Annette Lawrence’s studio practice is characterized by transforming raw data into drawings, objects, and installations. The data accounts for and measures everyday life. Her subjects of inquiry range from body cycles, to ancestor portraits, music lessons, unsolicited mail, and journal keeping. She addresses questions of text as image, and the relationship between text and code. Her work is grounded in examining what counts, how it is counted, and who is counting. Her process is one of making and unmaking, looking, waiting, recognizing things that go unannounced, remain steady, continuous, unremarkable on the surface, and develop meaning over time.

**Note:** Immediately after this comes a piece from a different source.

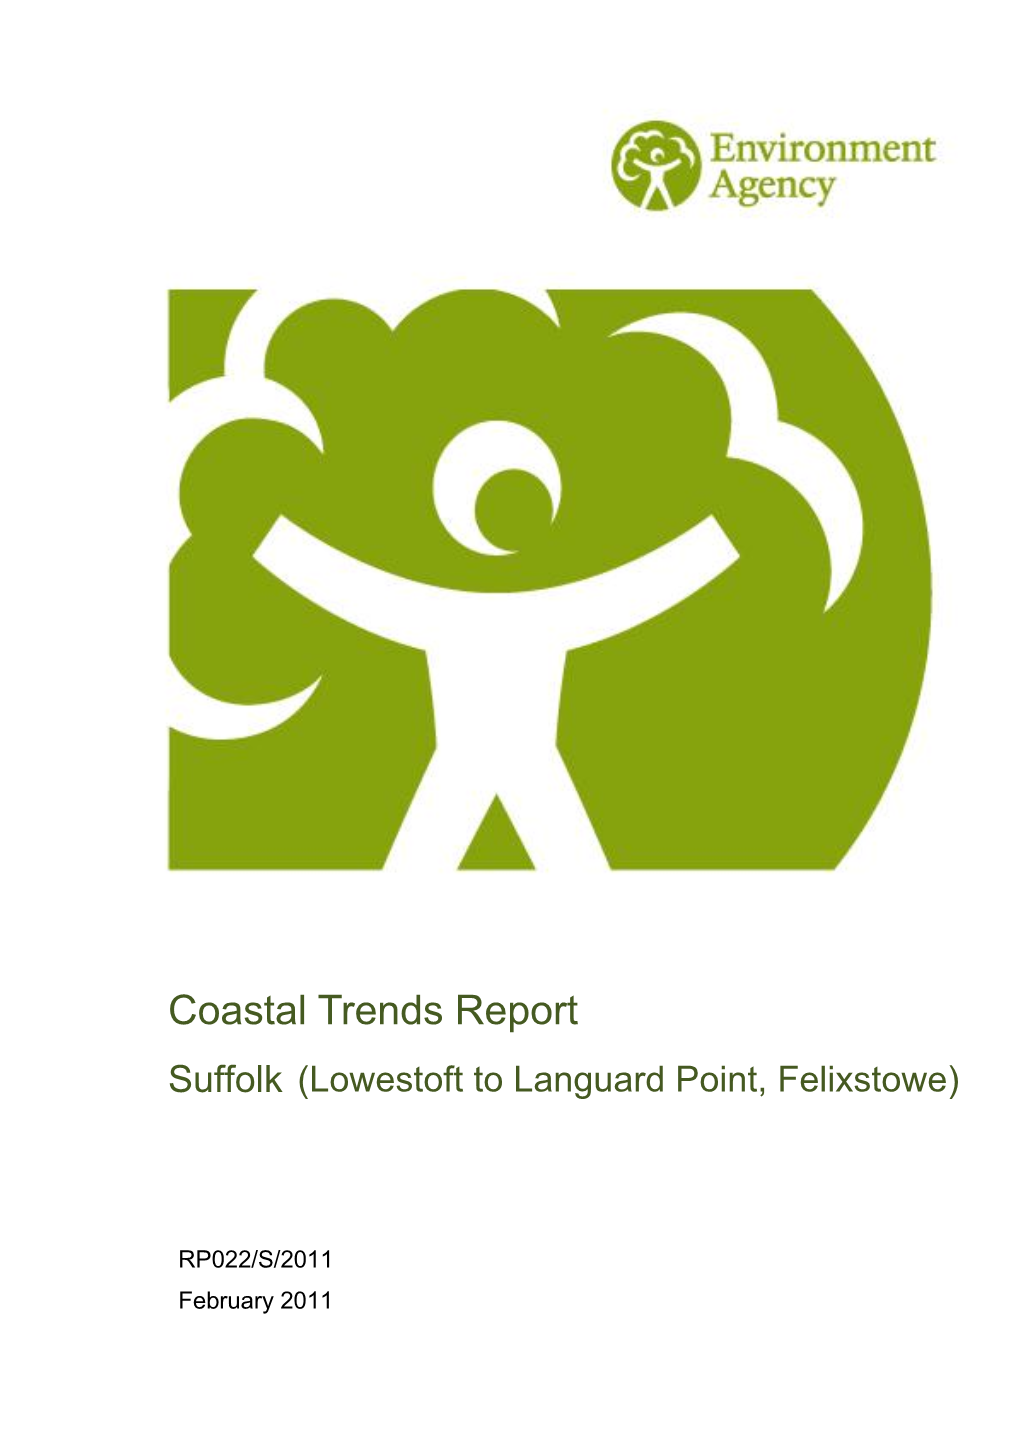 Coastal Trends Report Suffolk (Lowestoft to Languard Point, Felixstowe)

Lawrence’s work has been widely exhibited and is held in museums, and private collections including The Museum of Fine Arts, Houston, The Dallas Museum of Art, The Rachofsky Collection, ArtPace Center for Contemporary Art, Jack S. Blanton Museum of Art, American Airlines and the Art Collection of the Dallas Cowboys. She received a 2018 MacDowell Fellowship, the 2015 Moss/Chumley Award from the Meadows Museum, and the 2009 Otis and Velma Davis Dozier Travel Award from the Dallas Museum of Art. Her work was included in the 1997 Biennial Exhibition at the Whitney Museum of American Art, New York, NY. She is an alumnus of the Core Program at the Museum of Fine Arts, Houston, and the Skowhegan School. She received a BFA from The Hartford Art School and an MFA from The Maryland Institute College of Art. Originally from New York, Lawrence lives and works in Denton, Texas and is a recently retired Professor of Studio Art in the College of Visual Arts and Design at the University of North Texas.